Singles from Raintown
- "Dignity" Released: March 1987; "Loaded" Released: June 1987; "When Will You (Make My Telephone Ring)" Released: August 1987; "Chocolate Girl" Released: July 1988;

= Raintown (album) =

Raintown is the debut album by Scottish pop rock band Deacon Blue. The album, written largely by lead singer Ricky Ross, was released in the United Kingdom on 26 May 1987. It proved a commercial success and has to date sold around a million copies, peaking in the UK Albums Chart at no. 14 and remaining in the charts for a year and a half.

The album, widely praised as Deacon Blue's finest work, has the overtones of a concept album relating to the struggles of urban life in the inner city – the city in question being unmistakably Glasgow, referenced by the roots of the band and by the images by photographer Oscar Marzaroli on the cover of the album: the view of a rainy day over Glasgow's West End (with the Finnieston Crane featuring prominently). The back cover shows a long-exposure shot of the M8 motorway carving through Glasgow city centre (taken from Charing Cross), with the Mitchell Library and Elmbank Gardens on either side.

==Background==
The short intro, "Born in a Storm", melodic and interspersed with an unmistakably gloomy atmosphere created by the name, launches into the title track "Raintown", a natural extension of this plot. The weather remains a feature of the atmosphere of the album, reflecting the epitome of the Scots word dreich. Played out in the course of the album is the struggle with money ("Loaded"), unemployment, dreams of something better ("Dignity", "The Very Thing"), culminating in an angry attack upon urban life ("Town to Be Blamed"). The album does feature lighter experiences though, with the love songs ("Chocolate Girl") and "Love's Great Fears" – a track that Ross has often cited as his all-time favourite, featuring a slide guitar outro by Chris Rea.

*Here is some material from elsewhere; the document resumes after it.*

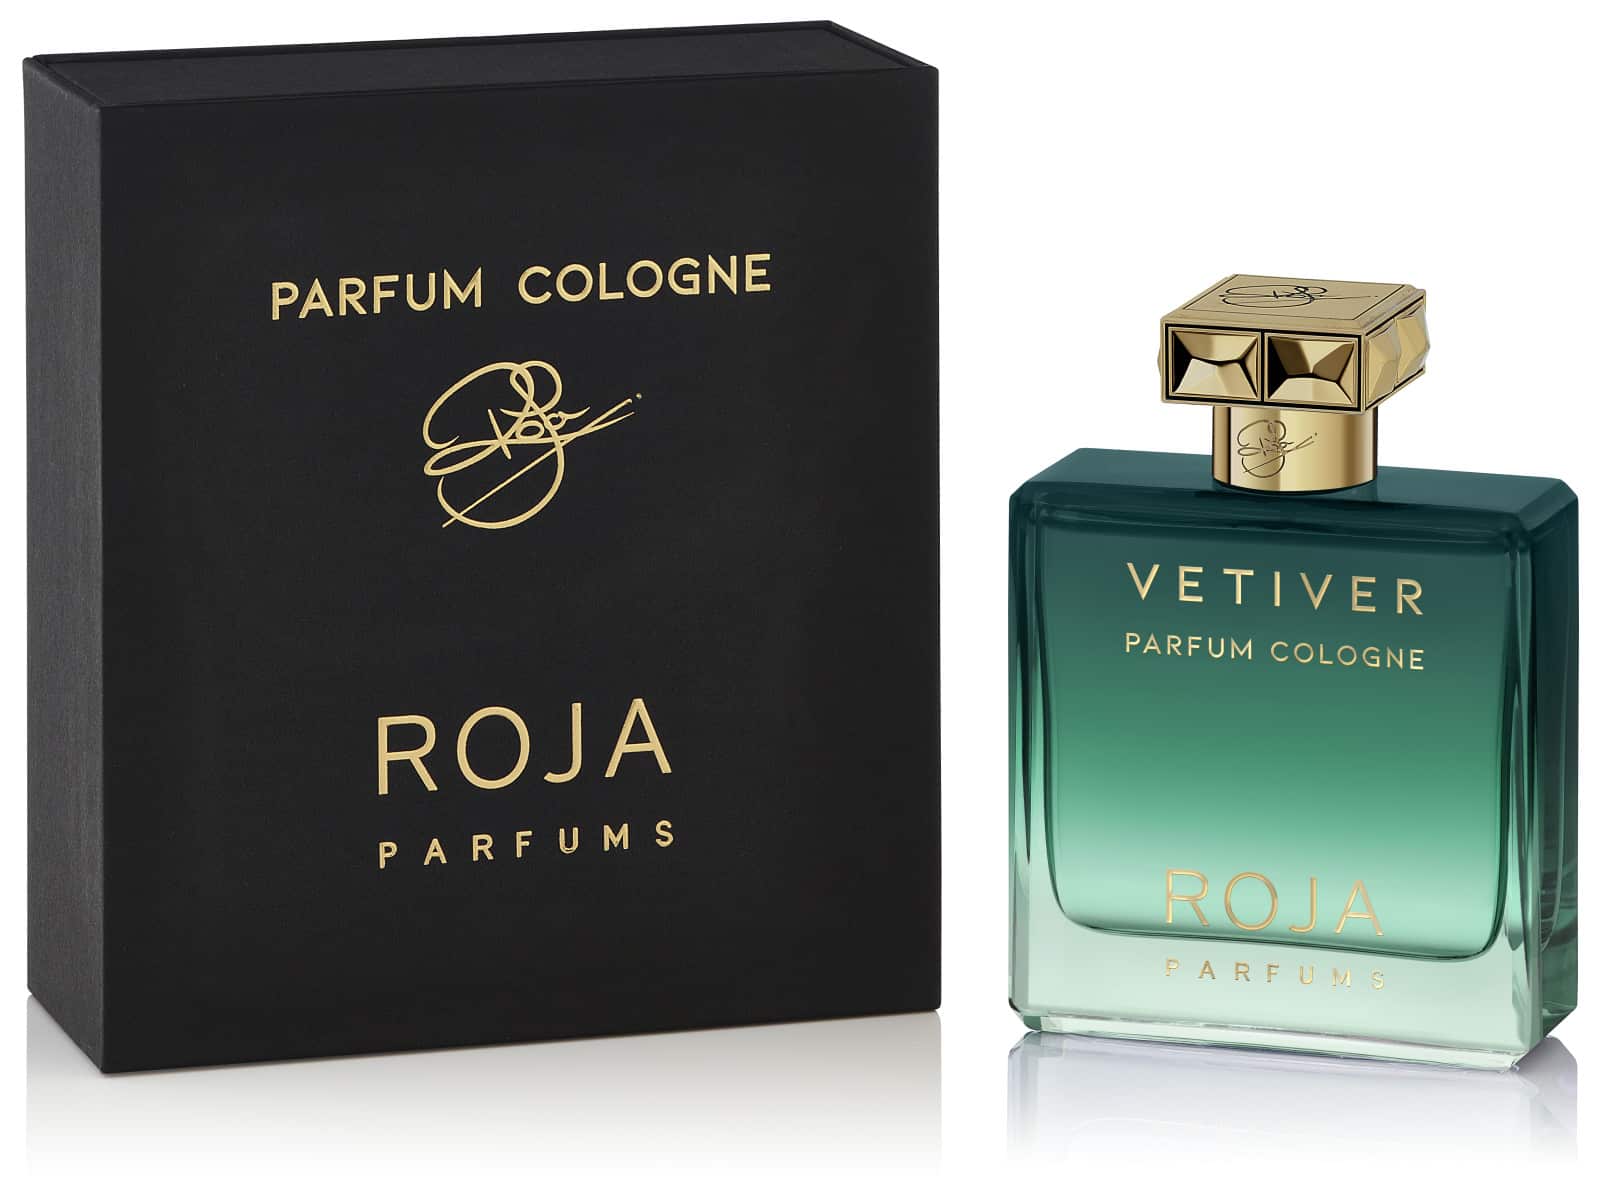 Vetiver Parfum Cologne

In an interview given to the Daily Record in 2012, songwriter Ricky Ross explained the rationale and reasoning behind the writing of all of the songs on the album.

==Legacy==
On 27 February 2006, Raintown was reissued as part of Columbia's Legacy Edition series. The re-issue was expanded to 2 CDs. The first CD featured the original 11-track album. The second CD featured alternate cuts of all 11 album tracks, as well as the two original CD bonus tracks "Riches" and "Kings of the Western World".

The new edition did not include the varied bonus cuts (remixes and b-sides) that were found on the singles from the album.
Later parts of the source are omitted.